On Feb 16, 2011, at 10:29 AM, Harald Dunkel wrote:
> Hi folks,
>
> I would like to route HTTP traffic from my OpenBSD gateway
> to a dedicated host running squid 3.1 on Linux for interception.
> Here is a picture:
>
> /|\ 87.189.95.69
> |
> |
> em0 |
> +--------+--------+
> | OpenBSD Gateway |
> +--------+--------+
> em1 |172.99.96.4
> |
> |172.99.96.50
> | +-------------------+
> +-------| Linux Squid Proxy |
> | +-------------------+
> |
> | +-------------+
> +-------| HTTP Client |
> 172.99.96.156 +-------------+
>
> The iptables code on
>
> http://wiki.squid-cache.org/ConfigExamples/Intercept/LinuxDnat
>
> was very helpful for small files, but for a large download
> on a slow line the http client prints "connection reset by
> peer" after 30+ secs, and terminates.
>
> The state information on the OpenBSD gateway shows
>
> em1 tcp 87.189.95.69:80 <- 172.99.96.156:45848 CLOSED:SYN_SENT
> em1 tcp 87.189.95.69:80 <- 172.99.96.50:51229 ESTABLISHED:ESTABLISHED
> em0 tcp 80.149.209.55:64755 (172.99.96.50:51229) -> 87.189.95.69:80 ESTABLISHED:ESTABLISHED
>
> immediately after the connection has been opened.

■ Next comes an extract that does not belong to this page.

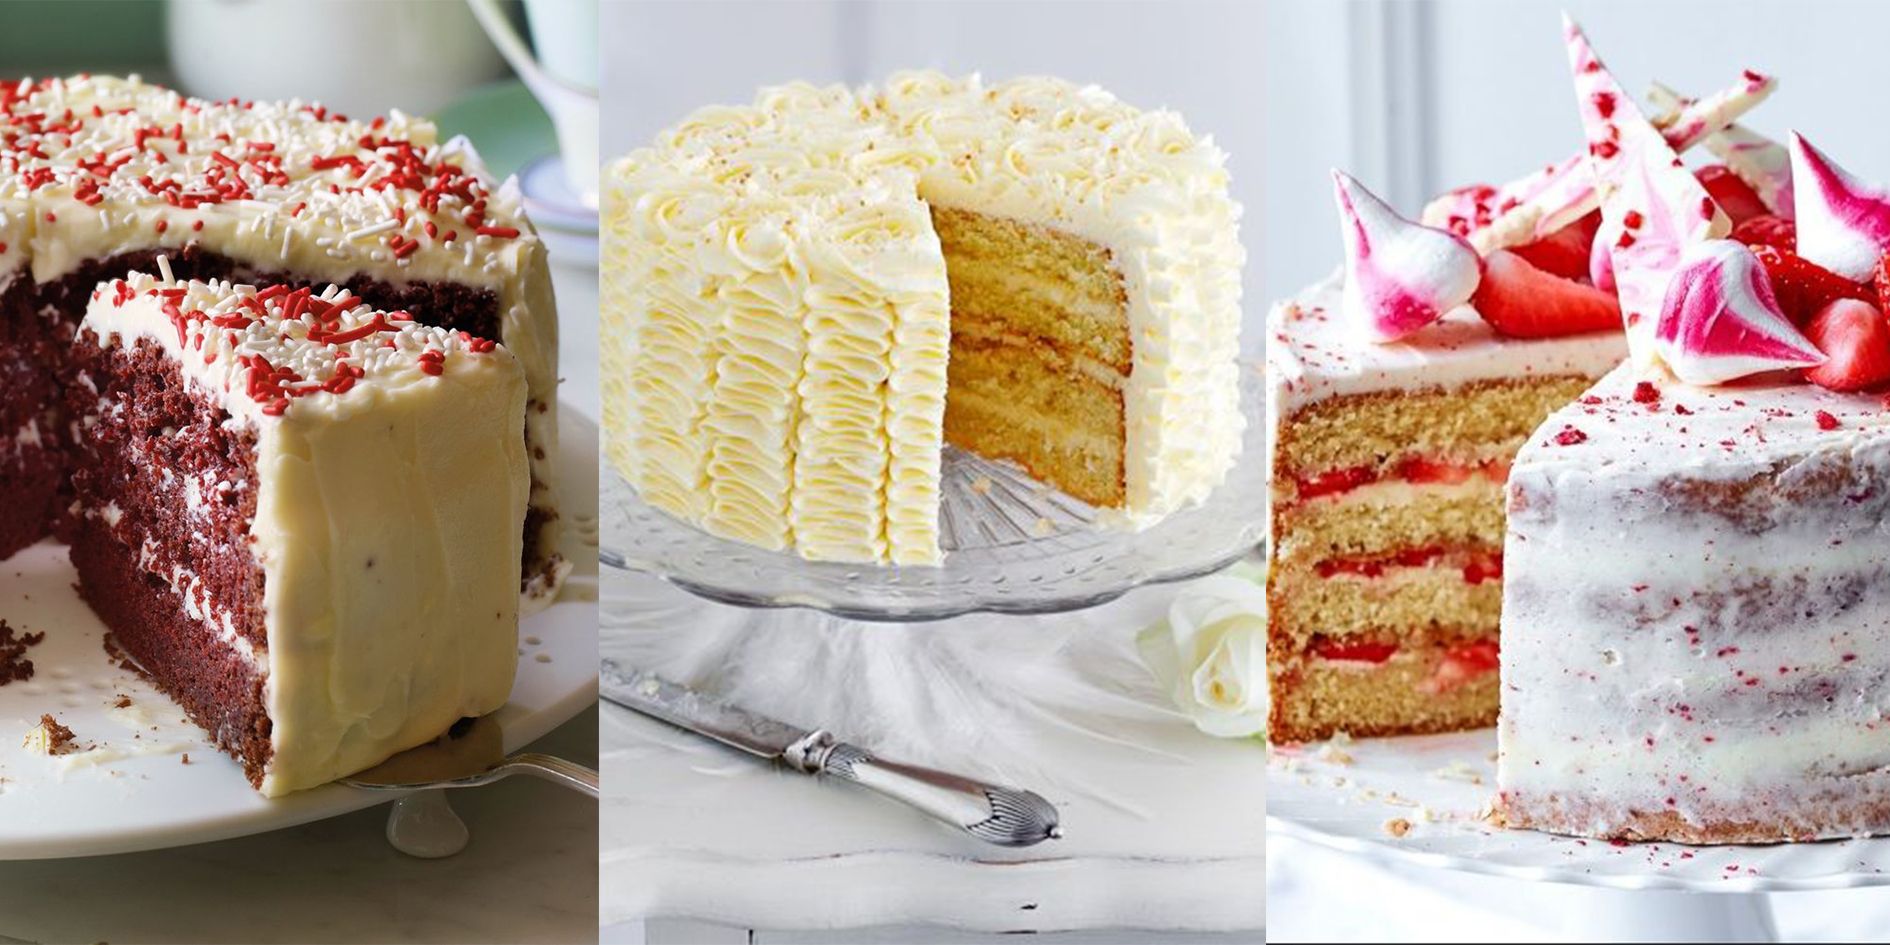 40+ Best Cake Recipes - Rich And Delish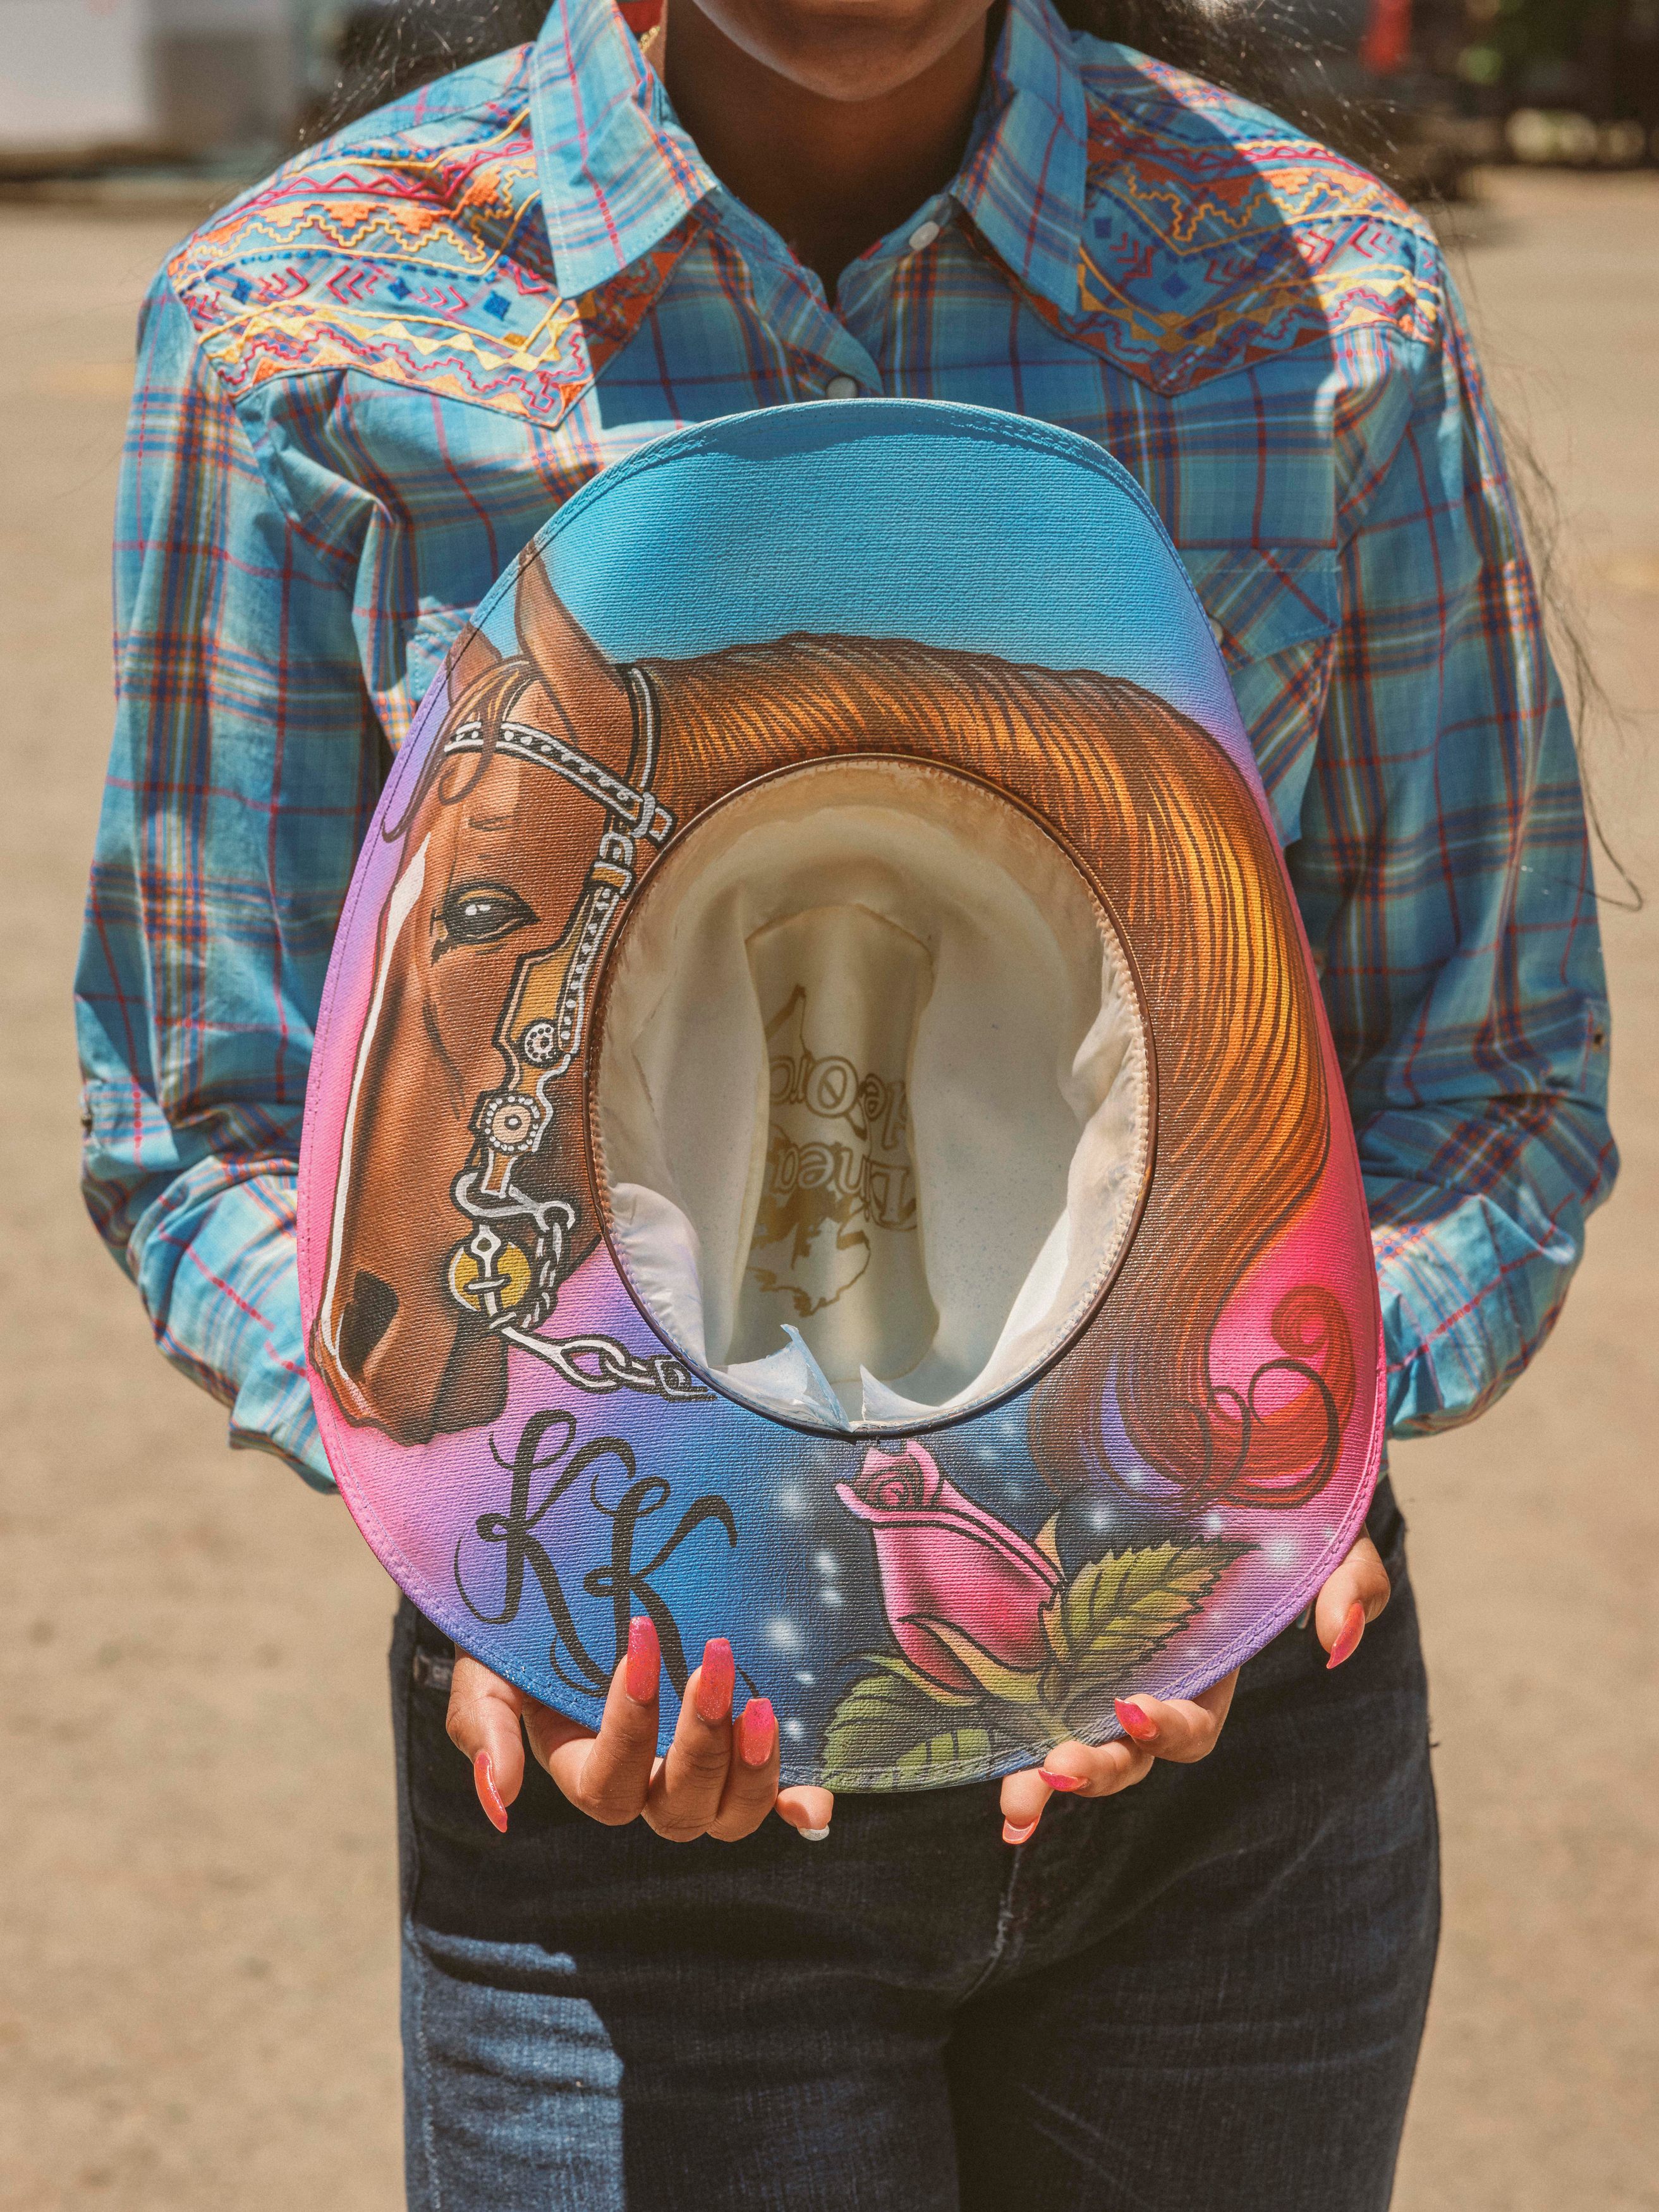 Barrel racer Kysariah Brinson's hat features a drawing of her horse, Chad, in 2019. “My mom actually drew Chad out and took the hat to a tattoo shop in downtown Oakland to get it airbrushed,” she said.

> The line with "CLOSED:SYN_SENT" goes away when the
> client gets the ECONNRESET.
>
> 30 seconds is the default timeout for removing entries
> from OpenBSD's statefull inspection table. Is it possible
> that the squid proxy did not complete the TCP handshake
> via the gateway, but by using the direct connection to the
> client?
is squid configured as intercept ( aka transparent ) or as proxy?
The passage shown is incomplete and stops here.